Ройенталь стиснул кулаки. Брауншвейга и его банду подпевал он ненавидел - любимым их развлечением было издеваться над ребятами помладше, особенно простолюдинами. Заканчивалось это всегда одинаково - жертва не выдерживала насмешек, бросалась на обидчиков с кулаками, а поскольку вся "банда" принадлежала к высшему слою общества, наказание выпадало лишь на долю обиженного.
- Что делать-то теперь? - жалобно проскулил один из подручных Брауншвейга, - вдруг этот мелкий сдох?

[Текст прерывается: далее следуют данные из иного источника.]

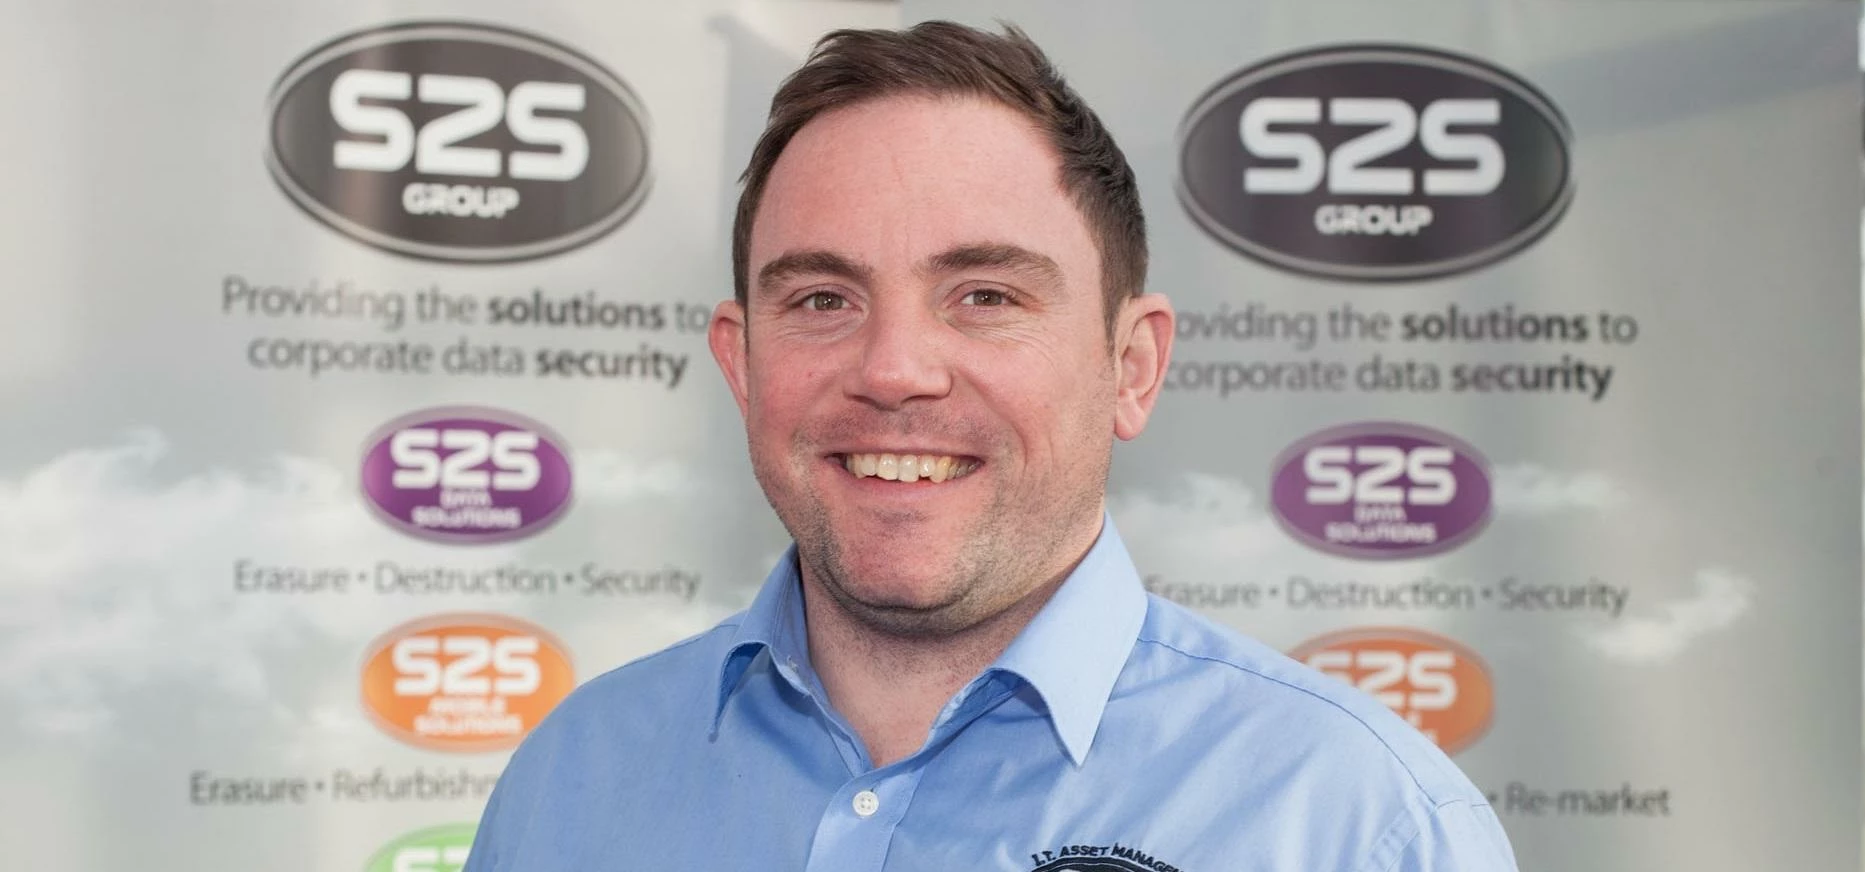 Grant Barton - Operations Director, S2S Group

- Не должен бы, - теперь голос лидера звучал не так уверенно, - эти фермерские сынки обычно крепкие. Когда в канаву его спихивали дышал вроде. Ладно, пошли отсюда, пока нас не заметили.
Когда их шаги затихли вдалеке, Ройенталь вышел из укрытия, и со всех ног помчался к западной части парка. "Банда" явно пришла оттуда.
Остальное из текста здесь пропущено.